Iran, Turkey criticize US plan to designate Muslim Brotherhood a terror group
Iran and Turkey have both criticized a US plan to designate the Muslim Brotherhood as a terrorist organization.
Iranian Foreign Minister Mohammad Javad Zarif told reporters in Doha on Wednesday that “the US is not in a position to (..) start naming others as terror organizations and we reject by any attempt by the US in this regard.”
“The US is supporting the biggest terrorist in the region, that is Israel,” Zarif said.

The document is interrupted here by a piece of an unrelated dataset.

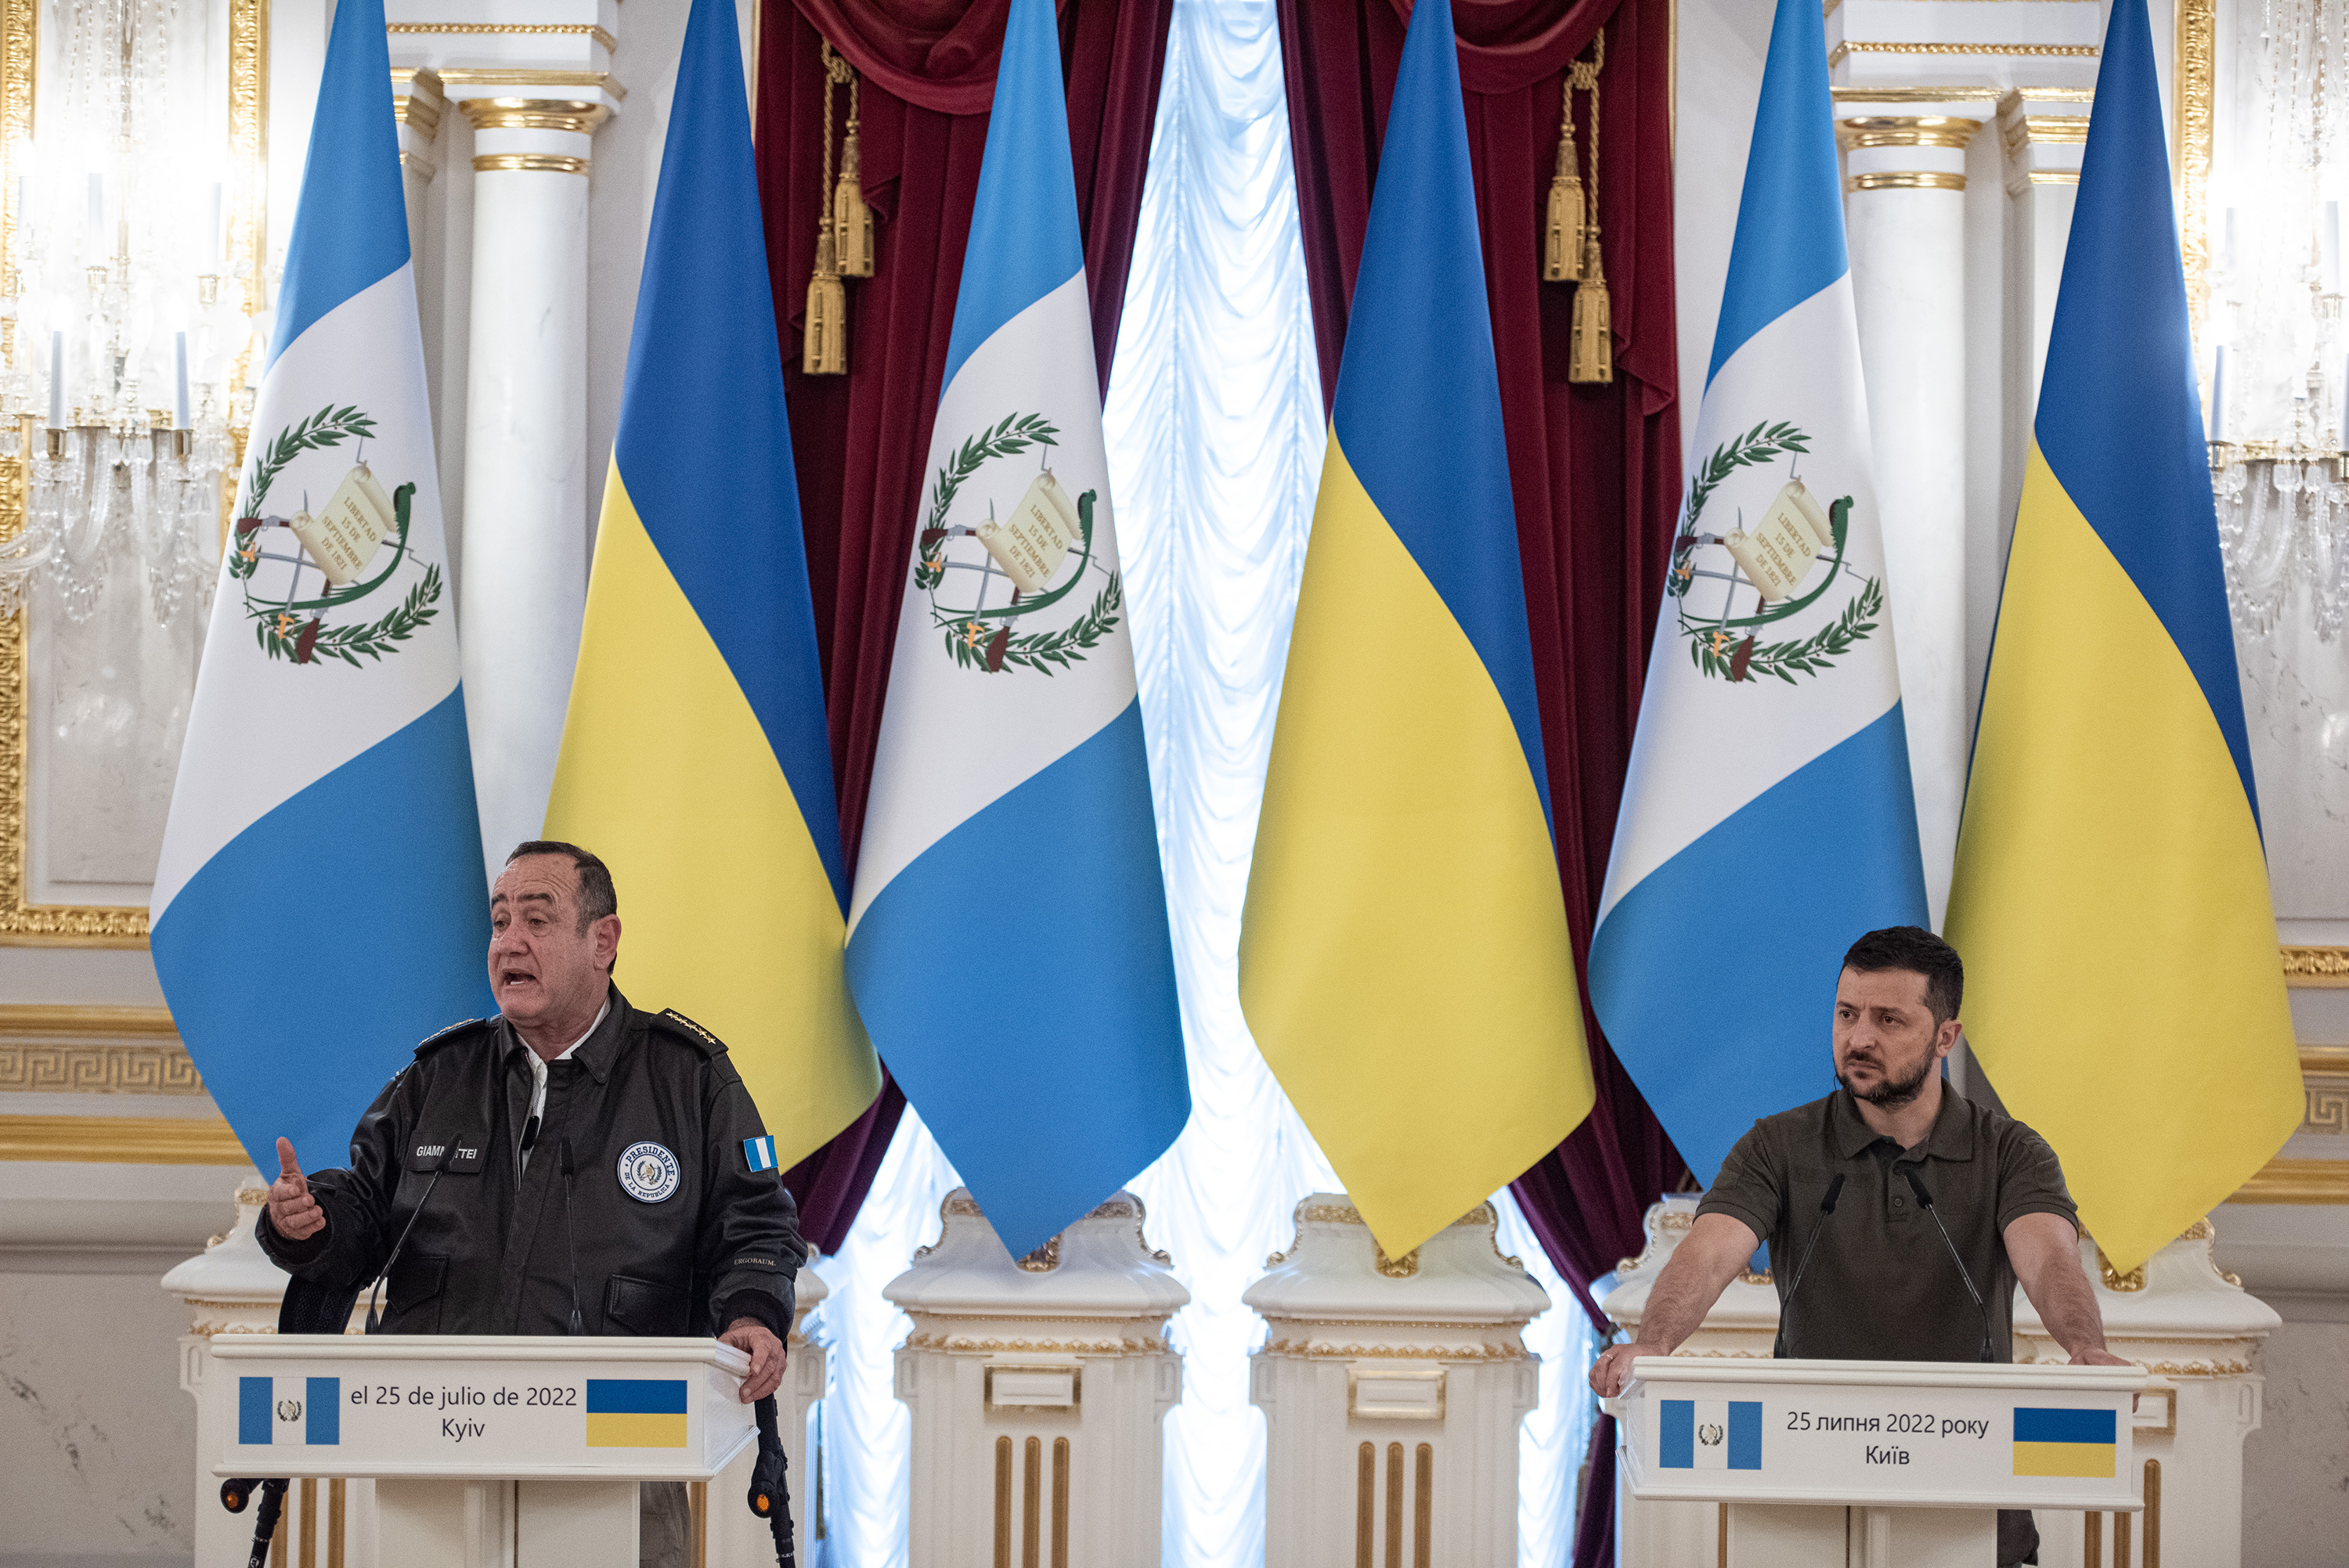 Ukrainian president Volodymyr Zelensky and President of Guatemala Alejandro Giammattei hold a joint press conference on July 25 in Kyiv, Ukraine.

Turkey, meanwhile, said on Tuesday that if the United States designated the Muslim Brotherhood a foreign terrorist organization, it would hamper democratization efforts in the Middle East and serve militant groups like ISIS.
Omer Celik, the spokesman for Turkish President Tayyip Erdogan’s Islamist-rooted AK Party, said such a decision by the US would “undoubtedly yield extremely wrong results regarding stability, human rights, basic rights and freedoms in countries of the Islamic world”, he said.
“At the same time, (Trump’s move) is the biggest support that can be given to the propaganda of Daesh,” he said, referring to ISIS.
President Donald Trump is working to designate the Muslim Brotherhood as a foreign terrorist organization, the White House said on Tuesday, which would lead to sanctions against Egypt’s oldest Islamist movement.